Your answer is the lines below, exactly, from the one that contains "Ten Thousand Villages" through the one that contains "Tall Contemporary Decorative", both included.

----- GIVEN INFORMATION -----

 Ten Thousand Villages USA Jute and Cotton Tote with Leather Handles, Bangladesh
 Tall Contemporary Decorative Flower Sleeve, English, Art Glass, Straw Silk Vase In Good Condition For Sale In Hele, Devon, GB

-----
----- GIVEN INFORMATION -----

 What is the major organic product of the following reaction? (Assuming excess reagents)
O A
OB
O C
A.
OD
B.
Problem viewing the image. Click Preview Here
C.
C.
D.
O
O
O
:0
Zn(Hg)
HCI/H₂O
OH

-----
----- GIVEN INFORMATION -----

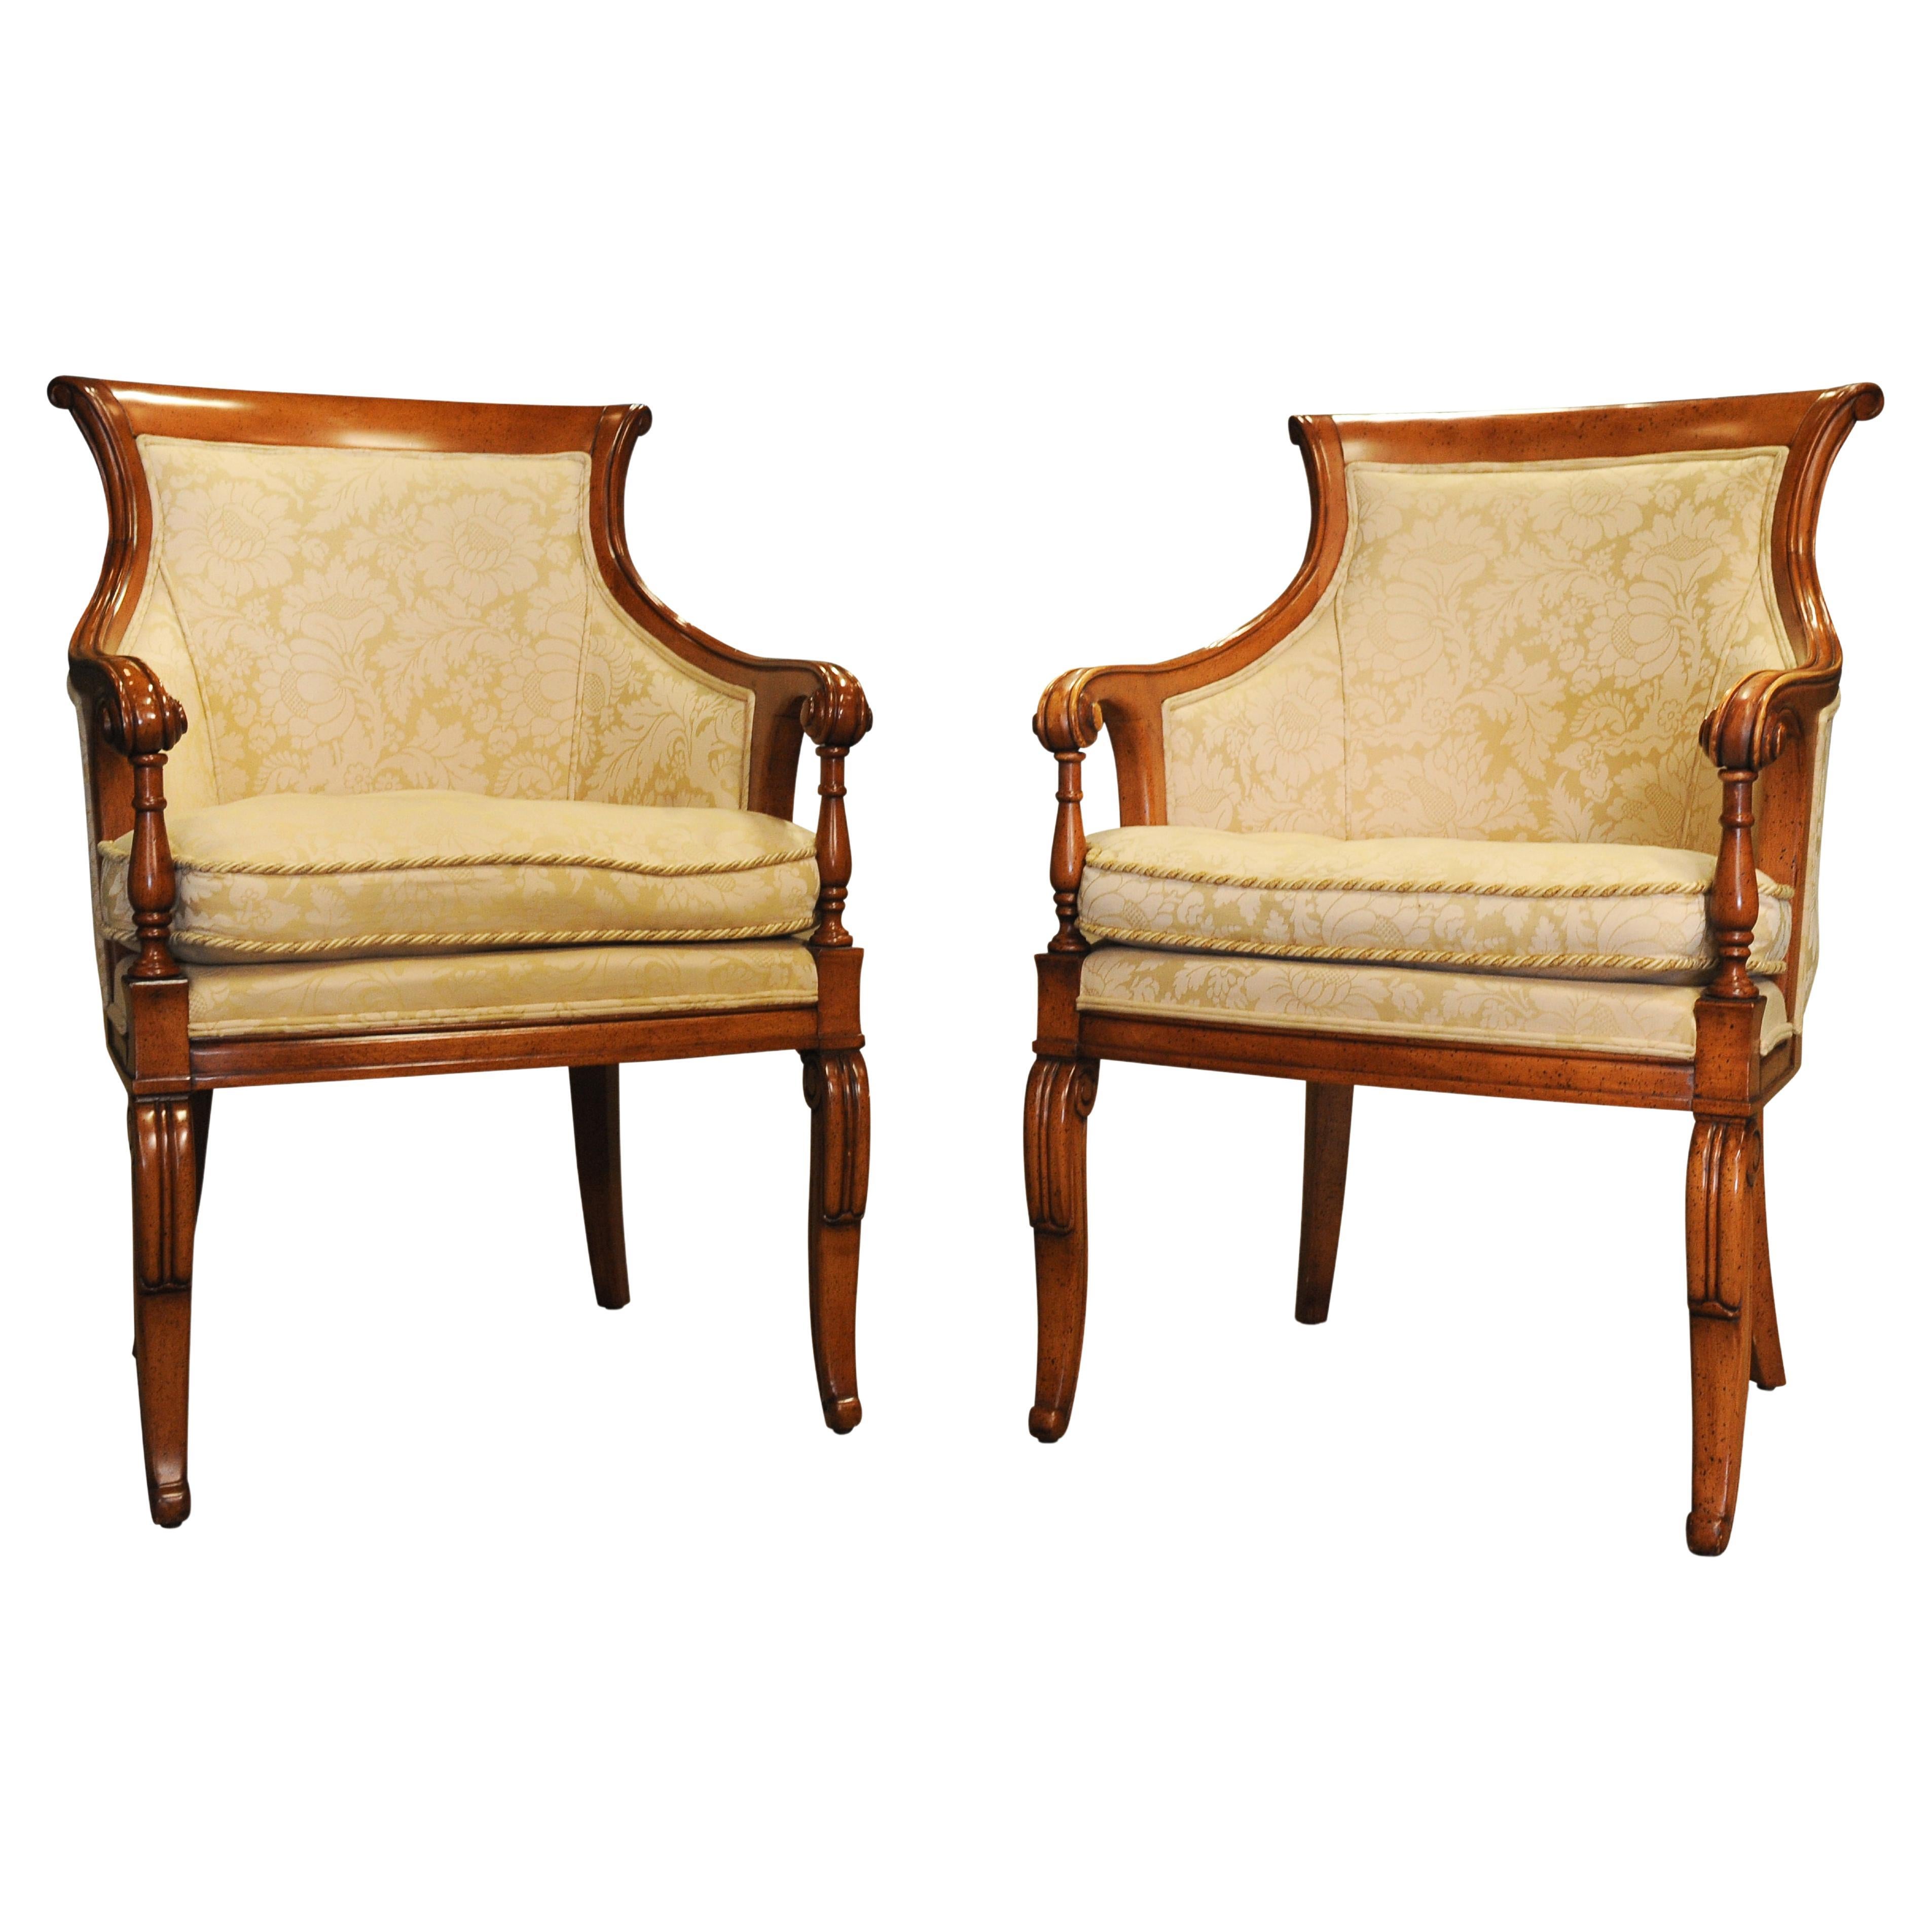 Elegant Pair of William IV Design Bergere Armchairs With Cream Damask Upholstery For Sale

-----

OUTPUT BELOW:
 Ten Thousand Villages USA Jute and Cotton Tote with Leather Handles, Bangladesh
 Tall Contemporary Decorative Flower Sleeve, English, Art Glass, Straw Silk Vase In Good Condition For Sale In Hele, Devon, GB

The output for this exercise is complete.